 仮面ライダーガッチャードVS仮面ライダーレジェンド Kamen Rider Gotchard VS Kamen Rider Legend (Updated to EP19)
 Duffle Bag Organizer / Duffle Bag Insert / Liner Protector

...

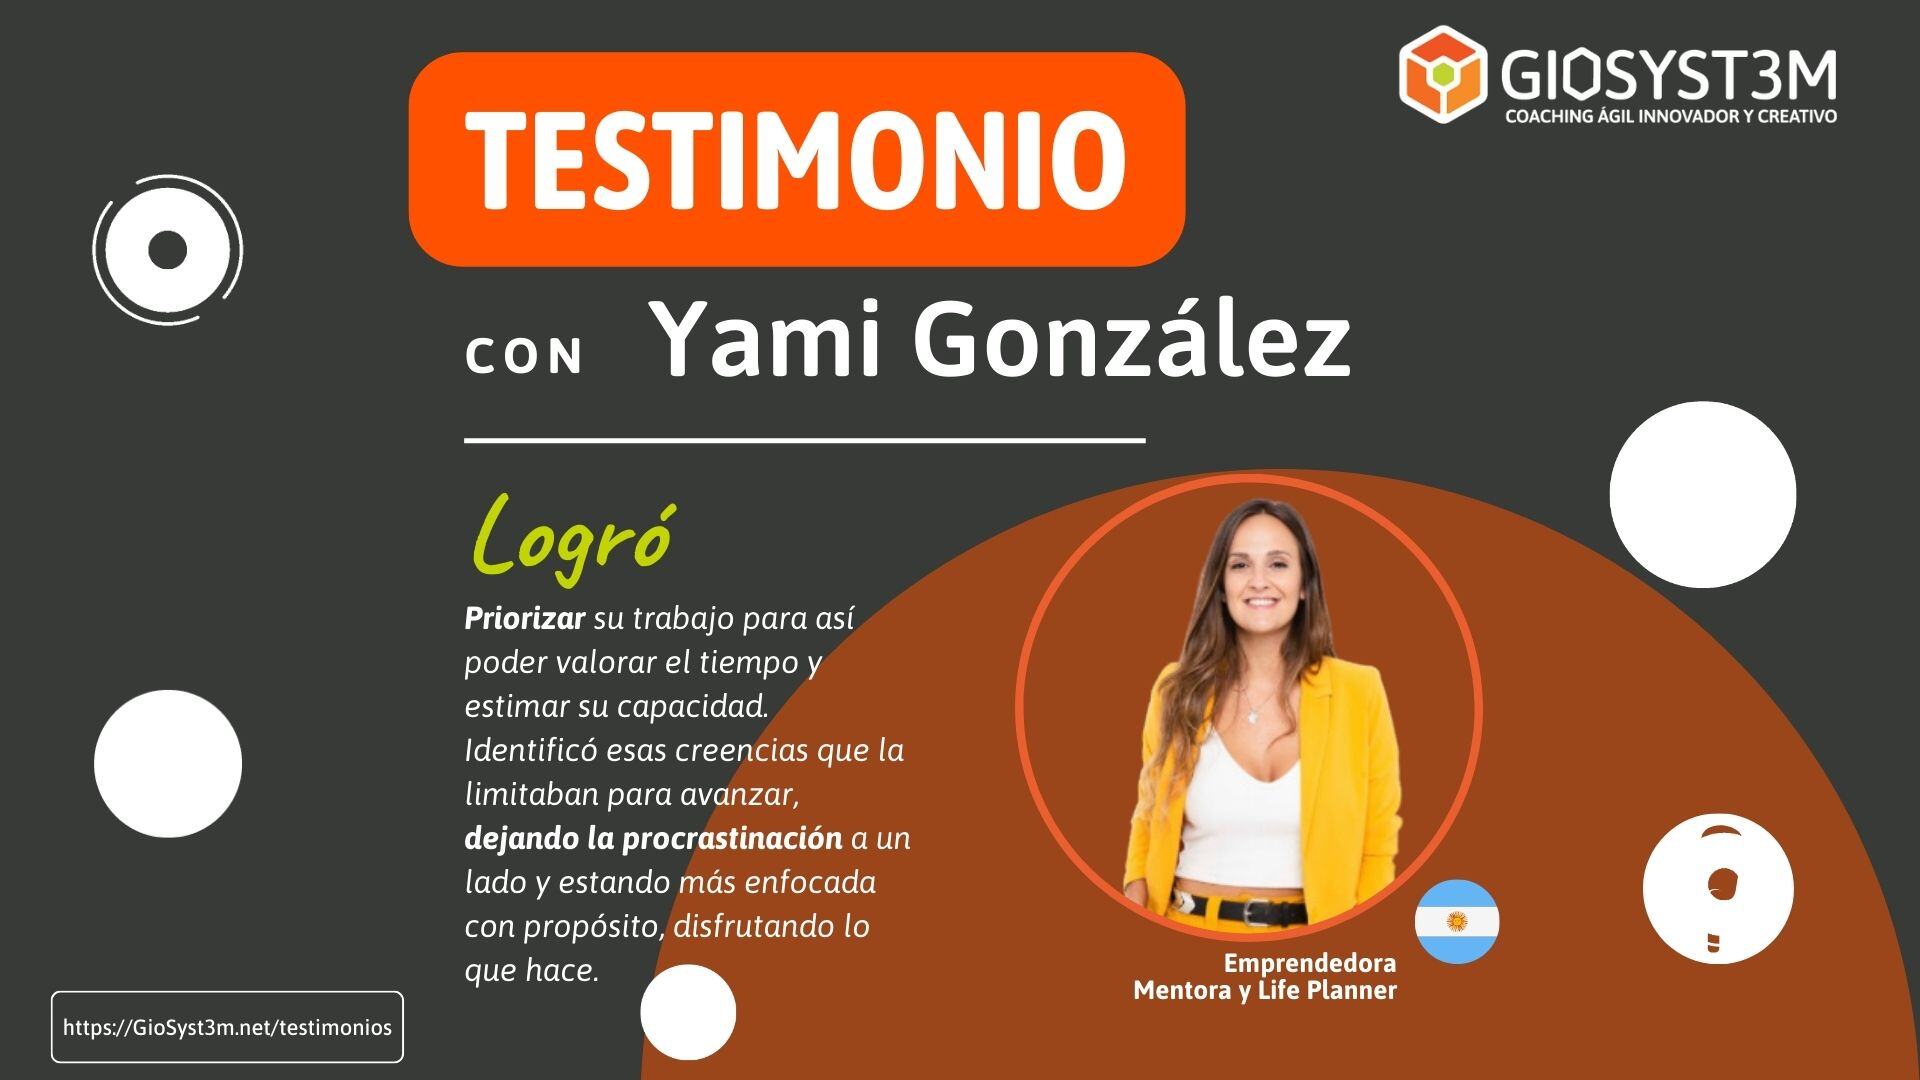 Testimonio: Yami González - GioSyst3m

* * *

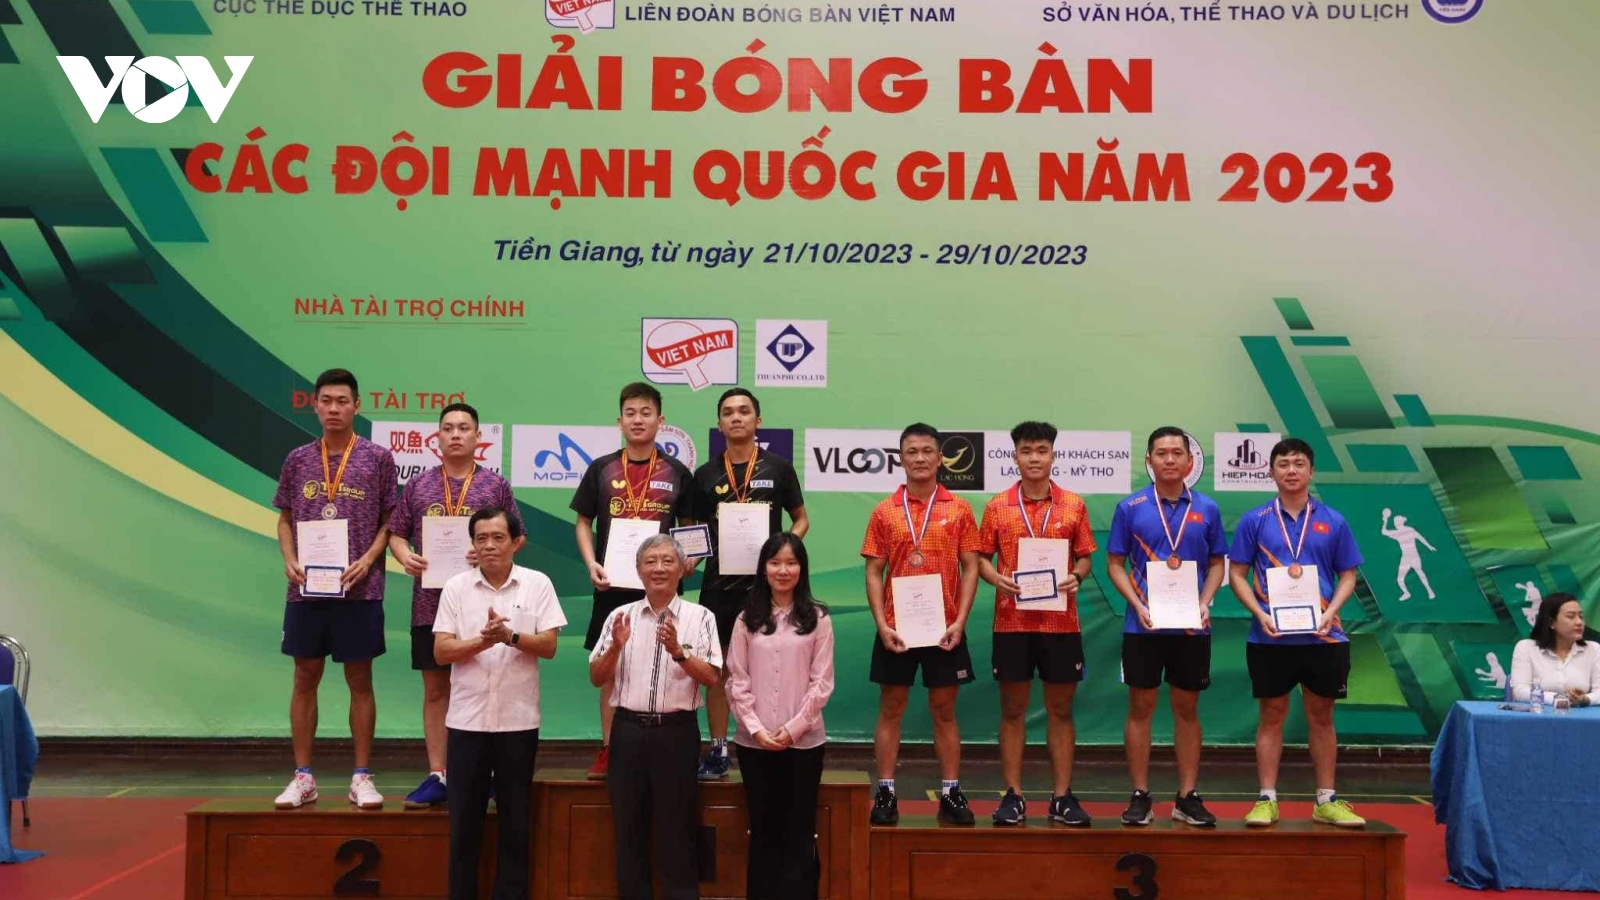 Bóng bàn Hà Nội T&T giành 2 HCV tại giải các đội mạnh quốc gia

Task brief: Extract exactly and only the lines above from the line containing "仮面ライダーガッチャードVS仮面ライダーレジェンド Kamen Rider" through the line containing "Duffle Bag Organizer", both end lines included.

Task solution:
 仮面ライダーガッチャードVS仮面ライダーレジェンド Kamen Rider Gotchard VS Kamen Rider Legend (Updated to EP19)
 Duffle Bag Organizer / Duffle Bag Insert / Liner Protector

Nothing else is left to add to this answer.